The Future of Infrastructure Group convened a group of experts to share their perspectives on how their initiatives are driving change in the market.


  1. Engagement across government: New South Wales has established the Construction Leadership Group made up of government departments and agencies responsible for delivering infrastructure. The leaders of each agency meet monthly and report on progress against the 10 Point Commitment, but coordination is constant through working groups and one-on-one engagement with Infrastructure NSW with a focus on continuous improvement.
  2. Engagement with industry: NSW recognized the importance of genuine engagement and consultation with industry with a view to listening to problems on an ongoing basis and ensuring industry sees input reflected in actions. This includes on a project level where there is early engagement and open discussion on how to share risk, how to package projects and mitigate risk rather than pass it on, as well as using interactive procurement processes.
  3. Whole of government project pipeline: One of the best received initiatives was to regularly publish a forward view of all upcoming government projects. This both helped industry plan and balance resources and helped link land use and infrastructure by enhancing collaboration between government departments, for example linking transport and precinct development.
  4. Avoiding premature project commitments: NSW found premature project announcements had major adverse project impacts and undermined public trust in both government and industry. NSW has developed a staged process for announcements that provides incremental detail as the project goes from political commitment to being ready for service.

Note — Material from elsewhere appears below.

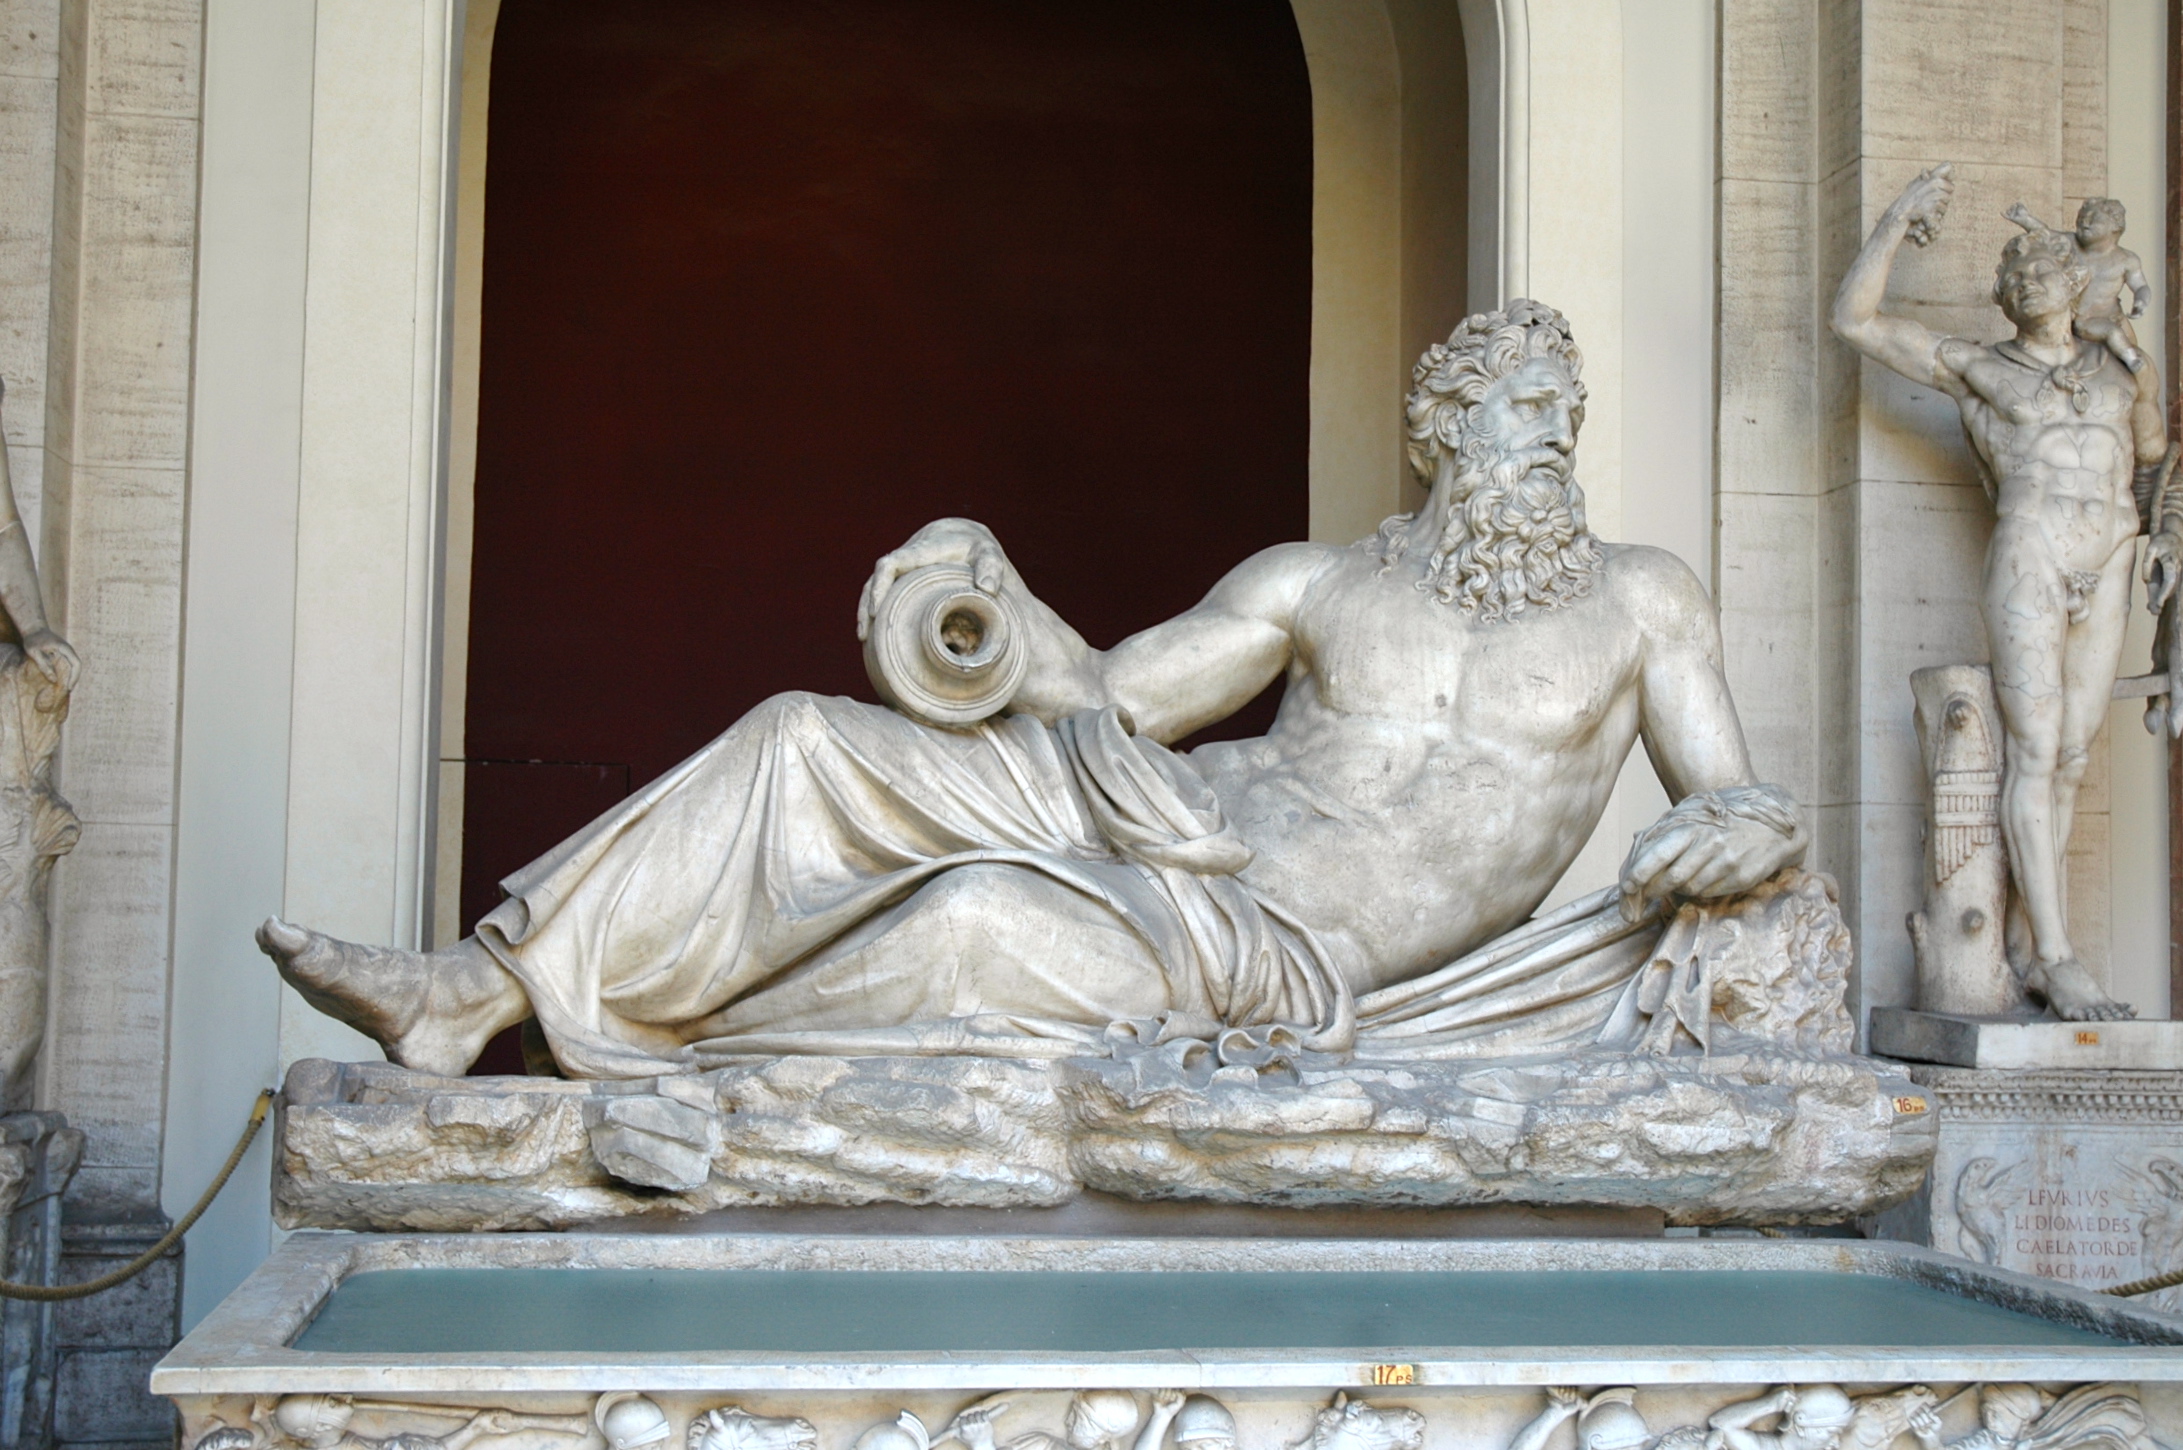 Escultura no Museu do Vaticano

  5. Focus on major projects: The NSW Premier released guidance through the Memorandum of Procurement for Large, Complex Infrastructure Projects that lays out how all the largest projects should be managed from de-risking to the procurement approach, to reducing tender costs. Any department or agency is required to comply with an “if not, why not?” approach if they do not follow the process, with exceptions reported.

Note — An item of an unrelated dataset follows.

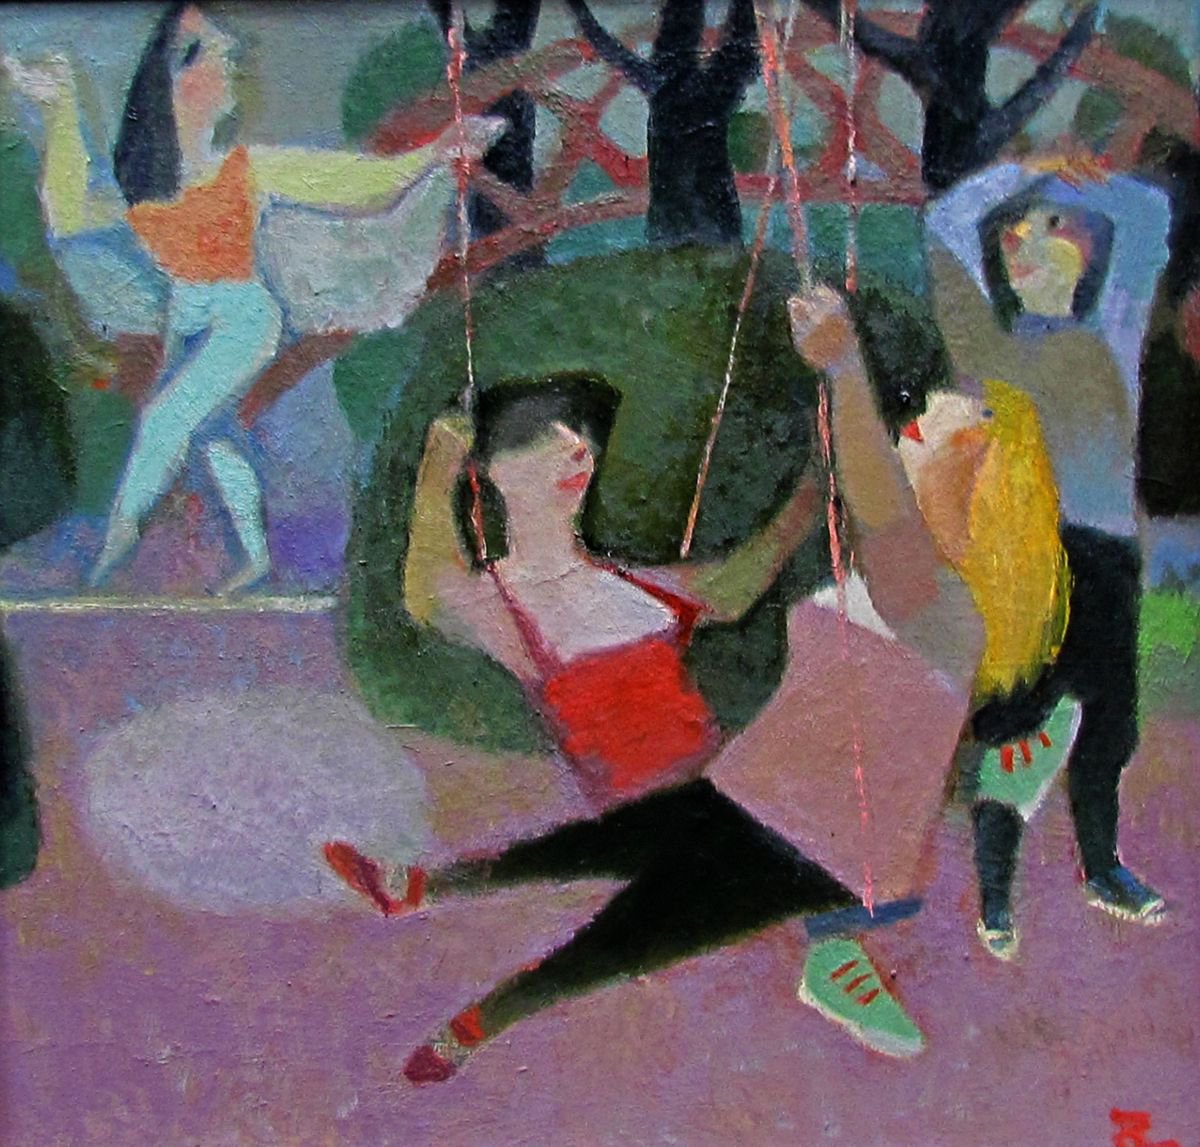 The Swing by Teimuraz Gagnidze

  6. Focus on outcomes: There is a shift away from measuring inputs and outputs for projects to outcomes to show the customer benefit. Transport for NSW uses a Customer Satisfaction Index which surveys 23,000 customers across all transport modes from public transit, to cars, freight, and pedestrians. It provides a common point of reference and shows trends across the department, driving accountability around continual improvement.
  7. Measuring performance: NSW collects performance data which is shared across agencies to see themes developing and as a basis to have conversations with contractors. Then, industry provides ratings to government to help delivery agencies improve. On Sydney Metro there is a two-way performance loop which helps indicate where there might be problems. This behaviour-based tool can help resolve issues through conversations early before it becomes a dispute.

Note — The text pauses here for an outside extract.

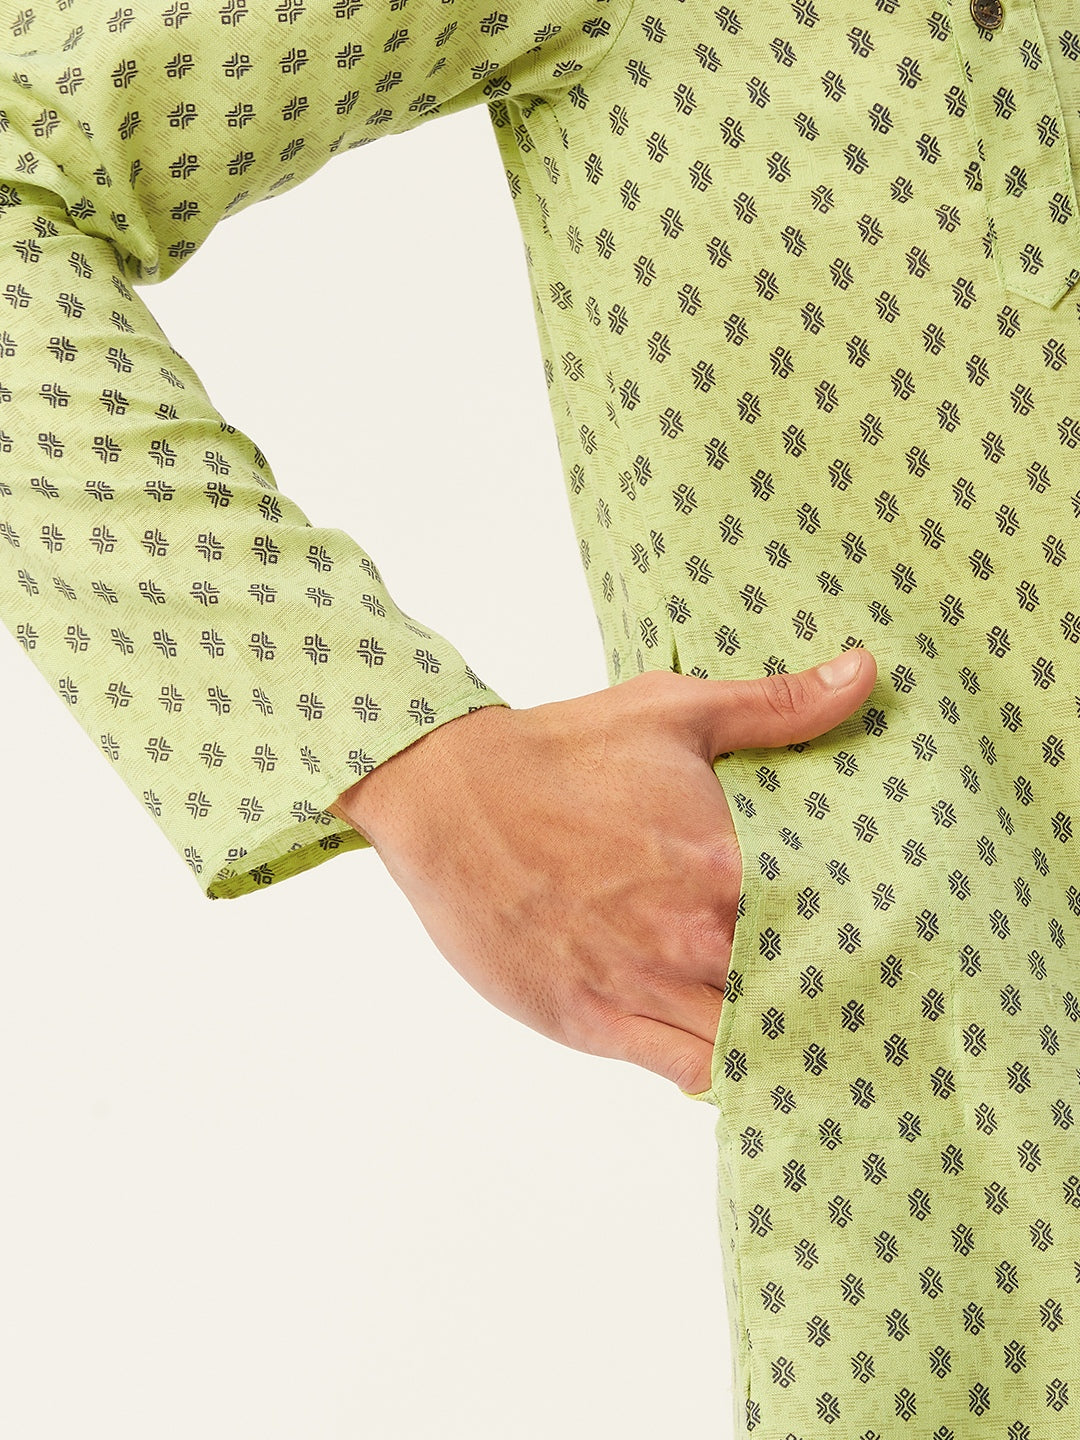 Jompers Men's Green Cotton printed kurta Pyjama Set

  8. Reducing tender costs: To encourage bidders and make the process more efficient, NSW has reduced the document requirements and in particular, the amount of low value duplication of information, worked to maintain a maximum of three bidders shortlisted and cutting those out early who are unlikely to win, standardizing the documents, providing a streamlined prequalification process for companies with a proven track record of successful delivery.
  9. Better project packaging: NSW has started tackling some of the more common and uncertain risks such as geotechnical conditions, utilities and contamination through early works. Packaging allows companies to take on risks they are most suited to handle and provides different sized opportunities for companies of different sizes and capabilities to bid on. Although this does provide greater interface risks which need to be managed.
  10. Balancing value: NSW is engaging with industry to help determine value for money with an emphasis on balancing policy outcomes, such as skills development and environmental performance, and enabling industry to be profitable. The state has been exploring ways to incorporate these goals into procurement processes to reward bidders with plans that demonstrate a wider societal impact over the project lifecycle.